Chain of amino acid or bio molecules called protein - 3d illustration

[Christoph Burgstedt/Adobe Stock]

At the Nvidia GTC 2023, DeepMind’s Founder and CEO, Demis Hassabis, provided an in-depth look into the seismic potential of their protein folding AI system, AlphaFold. Hassabis said AlphaFold was a contender for the organization’s “biggest project to date.”

Hassabis noted that DeepMind’s AlphaFold has made strides in addressing the protein folding problem, a challenge that has stumped scientists for more than five decades. The protein folding problem involves predicting the 3D structure of proteins solely from the amino acid sequence. Until AlphaFold, determining a protein’s structure was a complex and time-consuming process, often taking years of experimental work.

At the end of 2022, the company announced that it updated AlphaFold with the structure predictions of more than 200 million proteins.
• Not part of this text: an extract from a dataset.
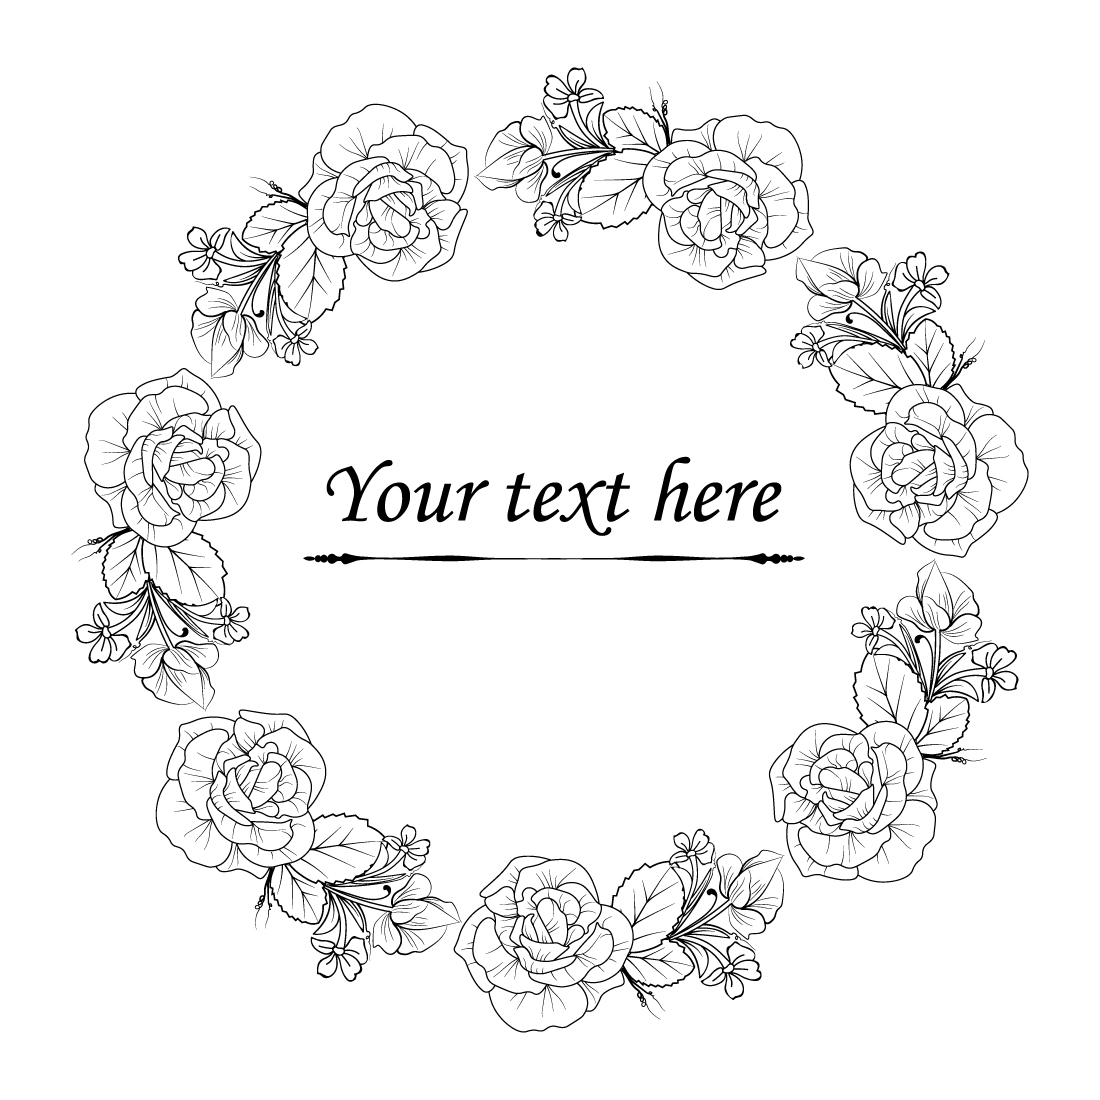 isolated outline drawing of rose flower, graphic - Stock Illustration  [85246104] - PIXTA

Hassabis explained the enormity of the challenge, stating, “There are around 10300 possible confirmations [shapes or structures] that an average protein can take.” He pointed out, however, that “proteins in our body spontaneously fold extremely quickly, in a matter of milliseconds.” This paradox indicated that the problem should be solvable. To measure progress in this field, a biennial competition called CASP (Critical Assessment of protein Structure Prediction) has sought to test the protein folding predictions of various academic and industrial labs. The bi-annual competition has been running every two years since 1994.

The significance of AlphaFold

AlphaFold has demonstrated significant progress in tackling the protein-folding problem. Hassabis shared, “Prior to us entering the field with AlphaFold 1 in 2018, and then AlphaFold 2 in 2020, if we look at the decade of progress before that, from 2006 to 2016, on the previous CASP editions, you can see that essentially there’d been no progress for pretty much a decade.”

AlphaFold, a system capable of predicting protein structures with remarkable accuracy, could have far-reaching implications for the future of drug discovery and development. Hassabis believes that this groundbreaking technology will usher in a new era of digital biology, saying, “AlphaFold, I think, is that proof of concept.” He added that the system promises to herald “the dawn of a new era of what we like to refer to as ‘digital biology.’”

AlphaFold is not the only system from a tech company focused on proteins. Scientists at Facebook’s parent Meta have also developed an AI language model known as ESMFold to predict the unknown structures of more than 600 million proteins pertaining to viruses, bacteria and other microbes. The researchers repurposed the model, first designed for decoding human languages, to make accurate predictions regarding proteins’ 3D structure.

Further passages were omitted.